Show HN: Python 3 pyGtk graphical curve and surface fitter - zunzun
https://github.com/zunzun/pyGtkFit
======
zunzun
This is James Phillips, author of pyGtk.

my background is in nuclear engineering and industrial radiation physics, as I
started working in the U.S. Navy as a submarine nuclear reactor operator many,
many neutrons ago.

I have quite a bit of international experience calibrating industrial metal
thickness and coating gauges. For example the thicker a piece of steel the
more radiation it absorbs, and measuring the amount of radiation that passes
through a sheet of steel can tell you how thick it is without touching it.
Another example is that the thicker a zinc coating on steel sheets, the more
zinc X-ray fluorescence energy it can emit - again allowing accurate thickness
measurement for industrial manufacture.

My post-Navy employer originally used ad-hoc spreadsheets to very tediously
create 4th-order polynomials calibrating to readings from known samples. So I
started writing my own curve-fitting software in C.
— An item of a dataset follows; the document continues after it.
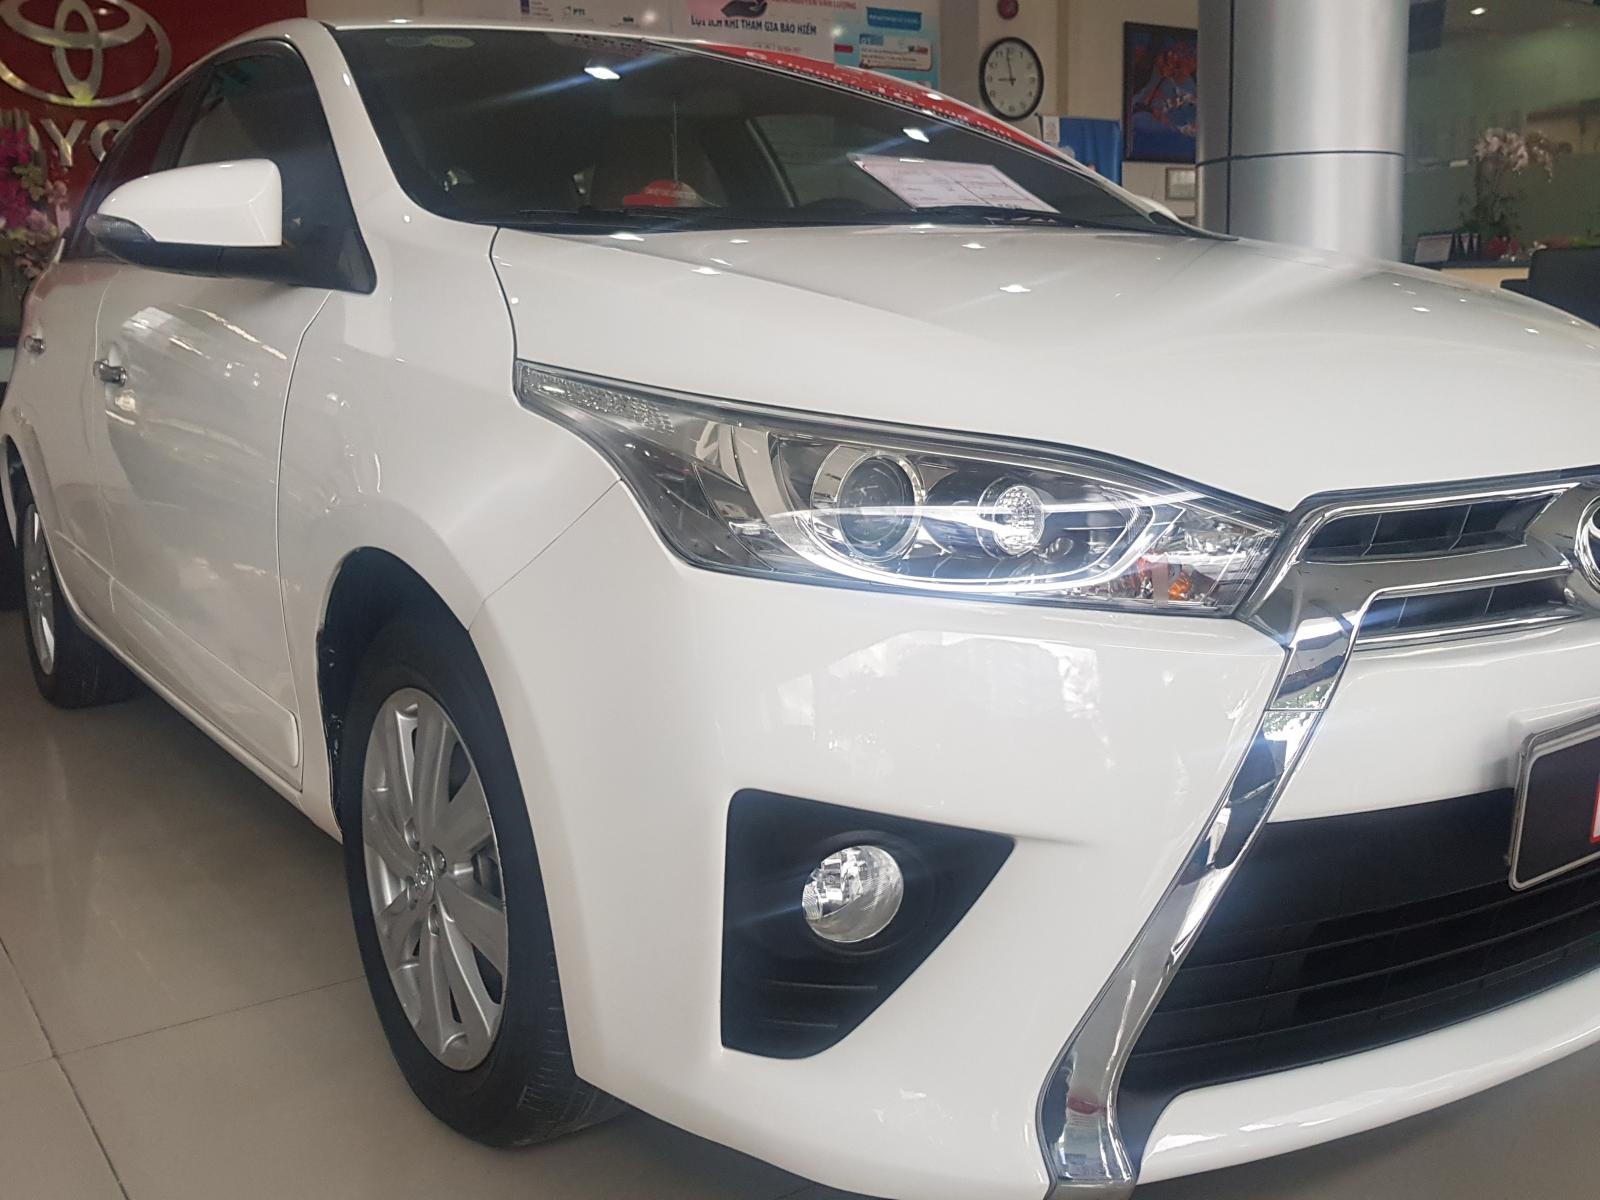 Toyota Yaris 1.3G 2015 - Bán Yaris 1.3G, màu trắng, 2015, 580tr, (còn thương lượng) liên hệ Trung 0789 212 979 để được giảm giá mạnh ạ

When X-rays pass through aluminium, the atomic weight of the alloying elements
is much greater than that of the aluminium itself such that small changes in
alloy composition lead to large changes in X-ray transmission for the same
thickness. Alloy changes look like thickness changes, egad! However, alloy
changes also cause changes to the X-rays that are scattered back from the
aluminium, so that if both the transmitted and backscattered radiation is
measured a more alloy-insensitive measurement can be made - but this is now a
3D surface fit, and I started writing surface fitting software. I began to do
considerable international work.

This finally led to the development of my Python fitting libraries, and this
example pyGtk curve and surface fitter. I also have Python 2 and 3 tkinter,
wxPython and django versions on GitHub.

James